# Delete



## B-A-N-G-E-R (9. Juni 2013)

,,,,,


----------



## Mystique1680 (9. Juni 2013)

*AW: Was haltet ihr von diesem Electro Beat?*

also an sich nicht schlecht....
kannst ja mal checken ob du vocals oder ein "normales" musikinstrument noch mit einbauen kannst!! 
noch mehr projekte??
vg


----------



## Gast20190124 (9. Juni 2013)

*AW: Was haltet ihr von diesem Electro Beat?*

hab auch schon schlimmeres gehört...vllt an den übergängen etwas arbeiten...etwas mitreissender


----------



## B-A-N-G-E-R (9. Juni 2013)

Danke erstmal fürs Feedback.
 Werde mal versuchen was neues zu machen und mehr Melodien ect. unterzubringen.

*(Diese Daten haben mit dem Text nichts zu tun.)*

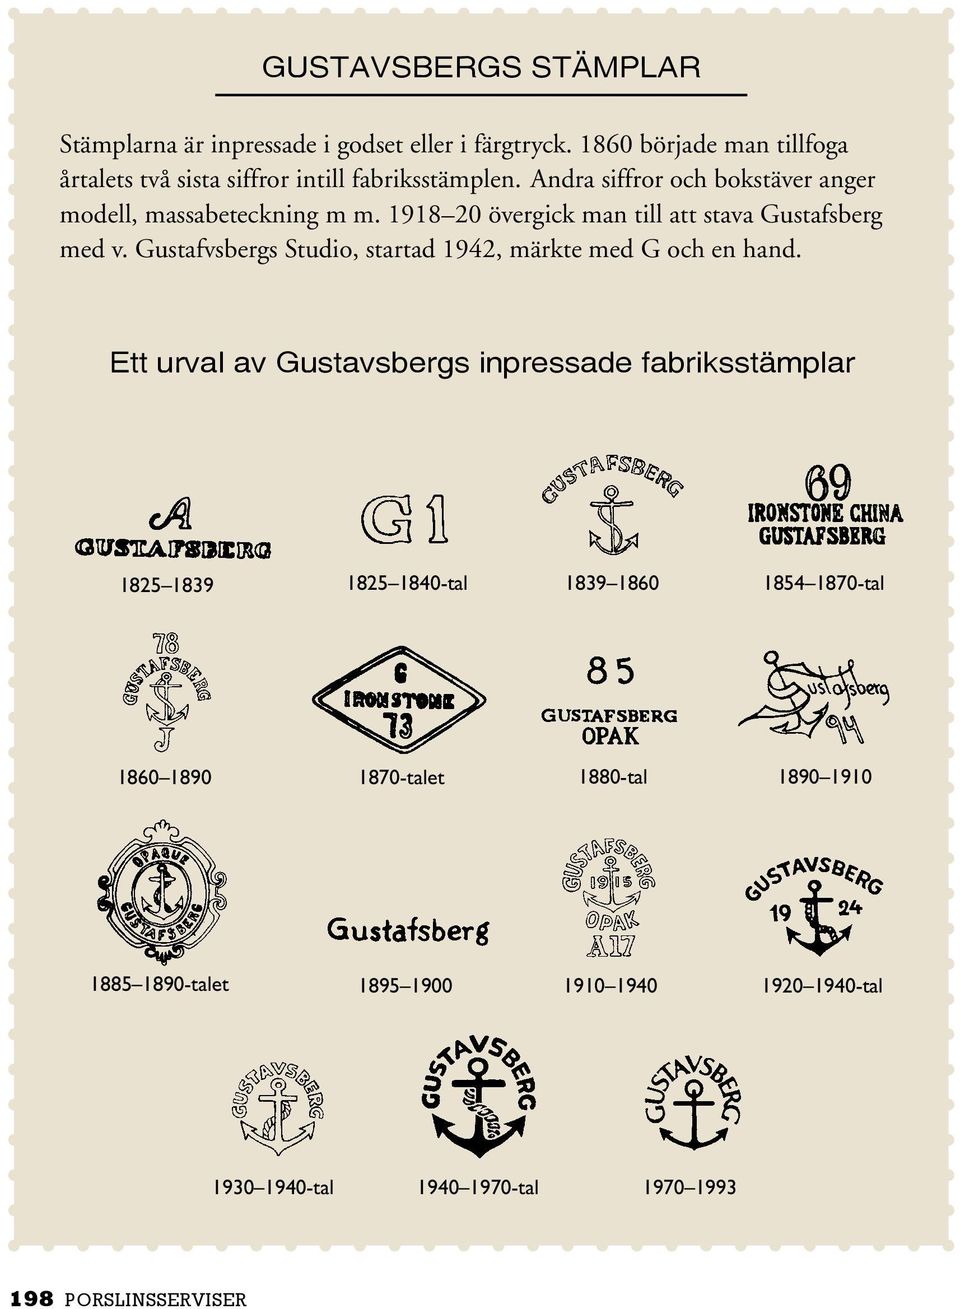 1918 20 övergick man till att stava Gustafsberg med v. Gustafvsbergs Studio, startad 1942, märkte med G och en hand.

Das wird aber bisschen dauern, ich halt euch auf dem laufenden


----------



## B-A-N-G-E-R (18. Juni 2013)

*AW: Was haltet ihr von diesem Electro Beat?*

So hab jetzt was neues, hat gut was gedauert da ich auch viele andere dinge zu tun hatte, könnt ja sagen was ihr meint 

Electro BEAT #2 (Instrumental) - YouTube


----------



## RAMTrinity (23. Juni 2013)

*AW: Was haltet ihr von diesem Electro Beat?*

Hören sich gut an
https://www.youtube.com/watch?v=29vm6Mo2IqE&feature=youtube_gdata_player

Das musste mal ab 1.25 hören


----------



## zeta75 (23. Juni 2013)

*AW: Was haltet ihr von diesem Electro Beat?*



> https://www.youtube.com/watch?v=29vm...e_gdata_player


 nicht schlecht ,schöne BLine und Hi Hats allerdings die hohen Synhi/Komposer Passagen finde ich etwas aufdringlich .Erinnert mich ...bei uns sagt man "Tankstellen Rave" ! Gute Quali auch...mit was machst Du das?
MFG


----------



## happypcuser (23. Juni 2013)

*AW: Was haltet ihr von diesem Electro Beat?*



B-A-N-G-E-R schrieb:


> Hey Leute habe mal nen kleinen Electro Beat gemacht und wollte einfach mal abchecken was ihr davon haltet . Könnt ihn ja Bewerten und Kommentieren wenn ihr lust habt.
> Wenn´s gefällt und jemand was für Let´s Play´s oder so braucht stelle ich auch gerne was zu Verfügung, natürlich kostenlos  um missverständnissen gleich vorzubeugen
> 
> Elektro Beat (Instrumental/Beat) - YouTube


 
Der Elektro Beat ist ganz süß geworden, aber wieso..... WIESO das Video, bitte änder das schleunigst !!


----------